Y en este aspecto fui más ambicioso, porque quise penetrar el sentimiento de los personajes principales del libro, dándoles vida, animándolos a que nos contaran sus vivencias a través del influjo de la imaginación, eso sí, bajo un proceso de investigación y estudio donde la prosa compaginara con la historia en comunión literaria, sin dejar escapar detalles importantes, desvirtuar ni adulterar todo lo que tuvo y tiene que ver con nuestro gentilicio, en fiel testimonio a las futuras generaciones, para que una vez editado nos proyecte a través de la lectura como una región rica en leyendas, costumbres y mitos.

Eternizar el sentimiento regionalista

Aguas Lejanas nos presenta de igual modo a un Yaracuy colonial, mostrando cada región desde un punto de vista natural, con las costumbres y vivencias de cada rincón de sus pueblos; un libro presto a servir de embajador ilustrativo de nuestra historia, representando una obra de notoria necesidad por la poca bibliografía existente en la materia, envueltas sus páginas en una narrativa dinámica e imaginativa, agradablemente ilustradas con el prisma del diseño artístico de Amparo Garrido Rivas, autora de la bandera azul, blanco y rojo que nos identifica.

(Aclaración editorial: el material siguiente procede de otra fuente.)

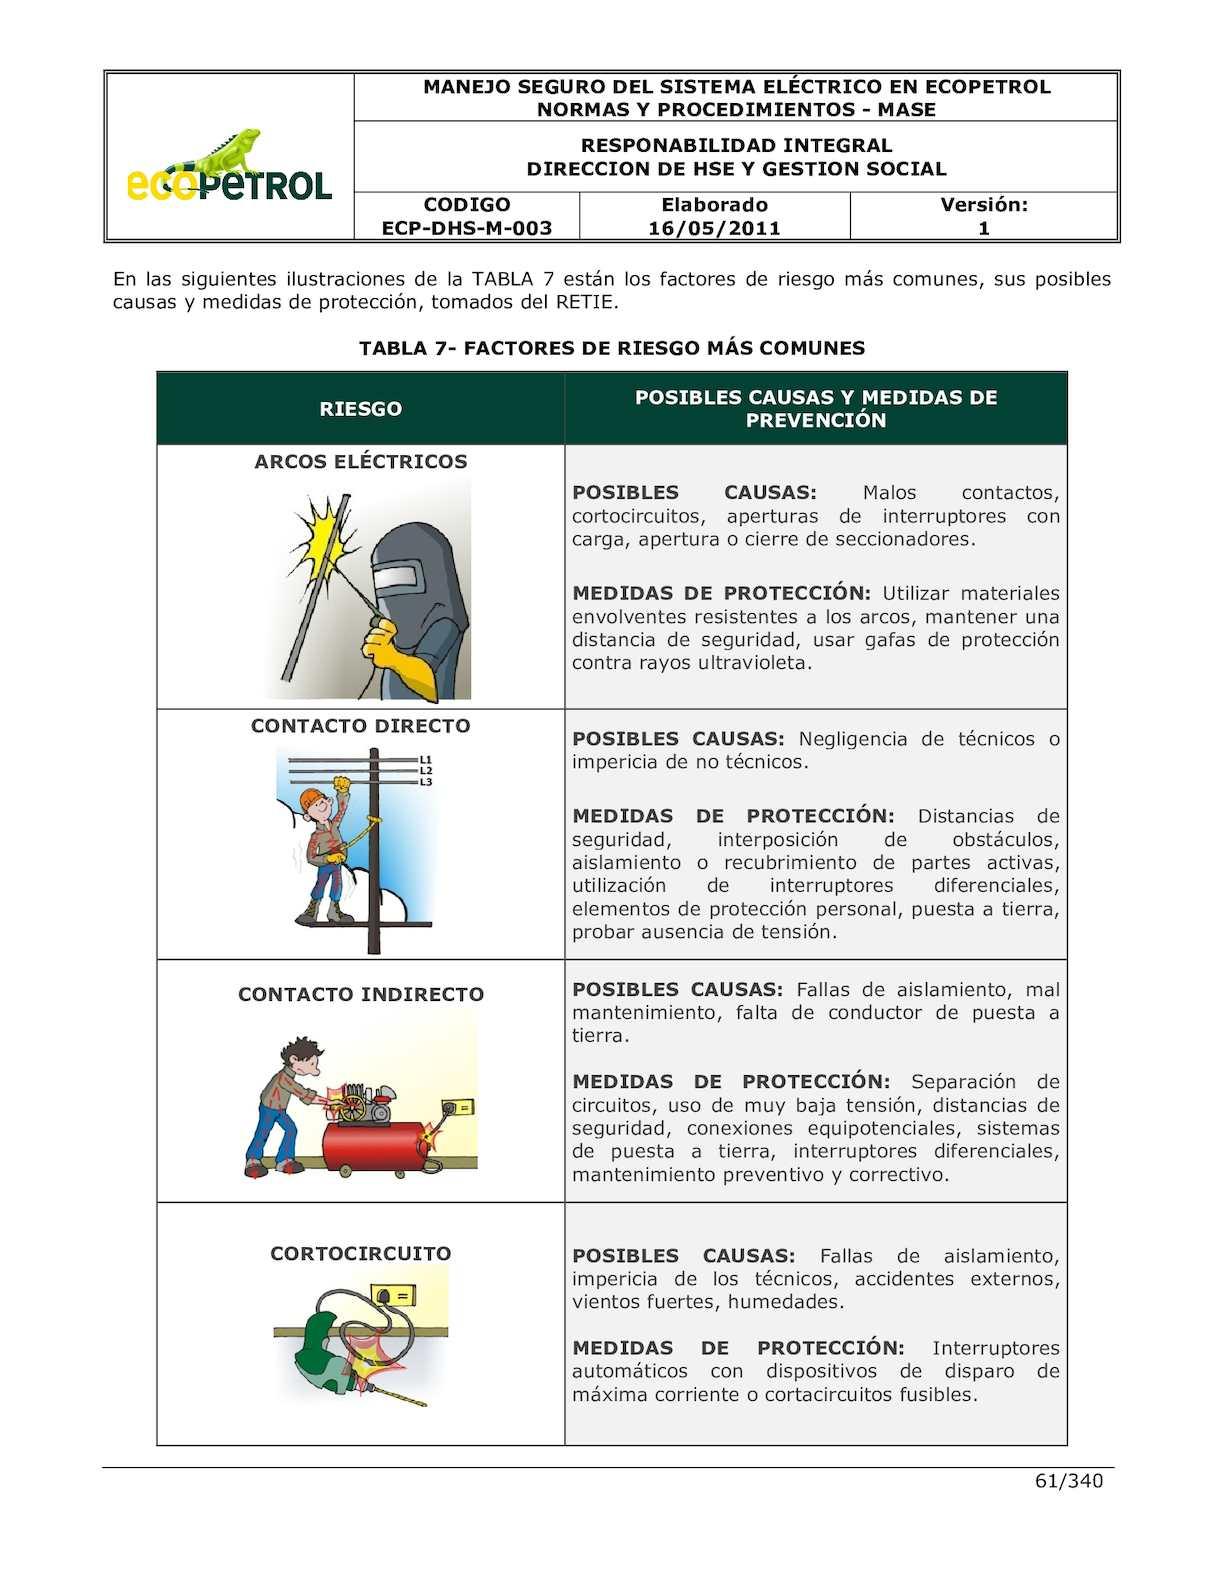 Calaméo 66789 Anexo 24 Manejo Seguro Del Sistema Eléctrico En Ecopetrol Parte 3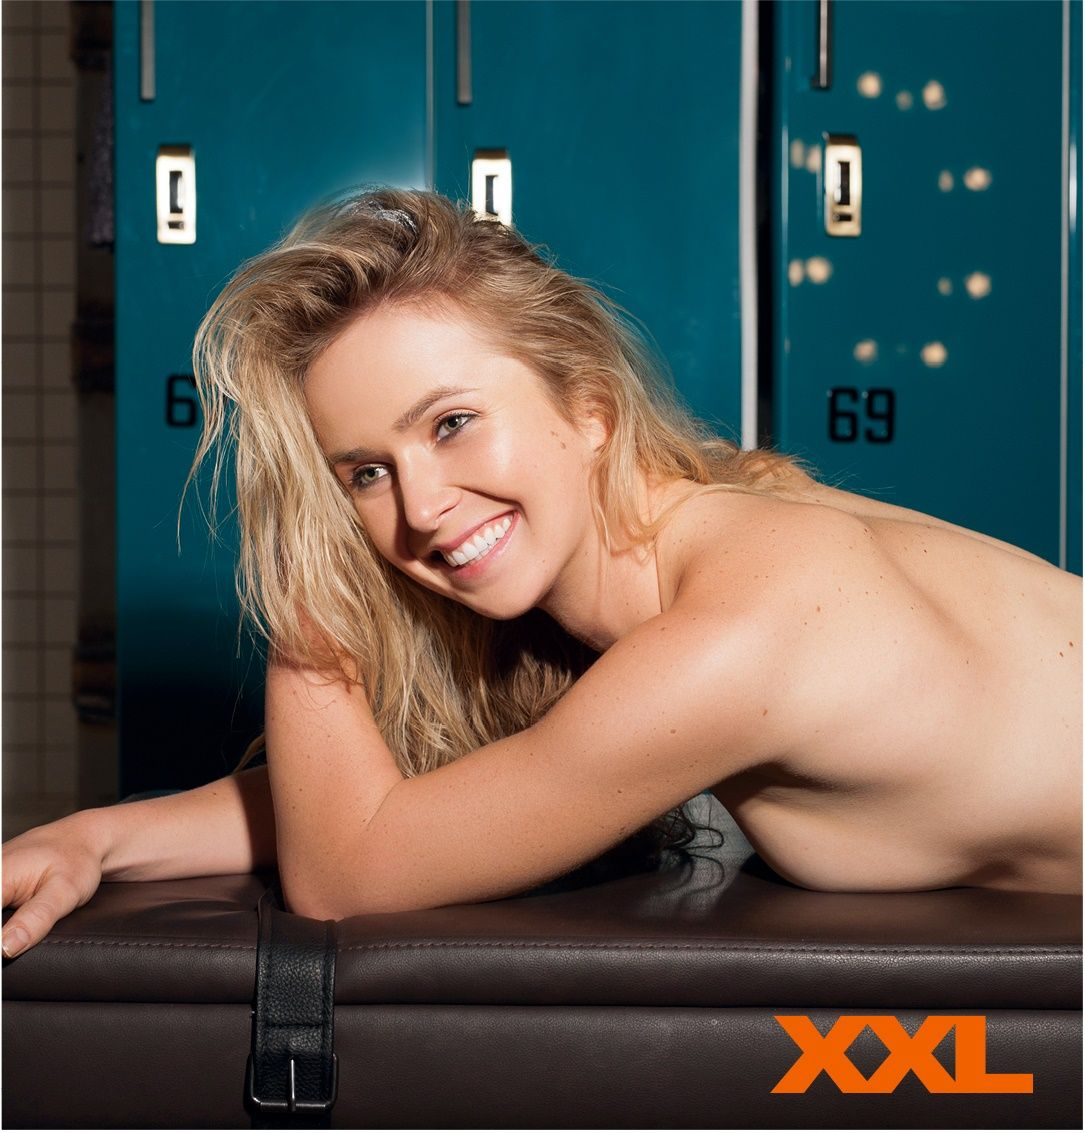 Elina-Svitolina-Sexy-Topless-5-thefappeningblog.com_.jpg

Su diseño se encuentra enmarcado en una presentación gráfica con portada en Kromocote, tapa rústica, formato 15 x 22 cms., en papel bond de 20 gramos; texto en fuente New York en tipo de 10 puntos y portadillas internas con detalles gráficos; capitulares al inicio de textos como referencia decorativa en perfecto equilibrio y consonancia con el tipo de letra escogida, hermoseadas sus páginas de tal forma que visualmente el lector sentirá atracción por la armonía entre los espacios blancos y las manchas de los textos, contando además con la garantía de excelentes fotografías en la lente de los premiados periodistas gráficos Wiston Durán y Rubén Anzola Martínez.

No concluiré sin antes destacar que los escritores yaracuyanos ameritamos el apoyo contunde de las fuerzas vivas de la región, del gobierno regional, municipal y nacional, así como de la empresa privada; apoyo que permitirá la perpetuidad de la cultura intelectual del Yaracuy, por lo que seguirá siendo el norte de quienes nos hemos dedicado a la cultura de la escritura para continuar batallando por eternizar el sentimiento regionalista de nuestros niños, jóvenes y aún de los mismos adultos, atendiendo más a la formación que a la información para inculcar valores de alto sentido regionalista, de moralidad, solidaridad, responsabilidad y trabajo. Pluma y lira, moral y luces; la historia impresa siempre viva. Con la lectura podemos reafirmar nuestra idiosincrasia y cultura, aún más si ésta tiene el tinte que otorga la hermandad de las aguas lejanas que nos identifican. El tiempo terminará dándonos la razón para continuar en nuestro oficio de escribir perpetuando en las letras, la historia de nuestro Yaracuy.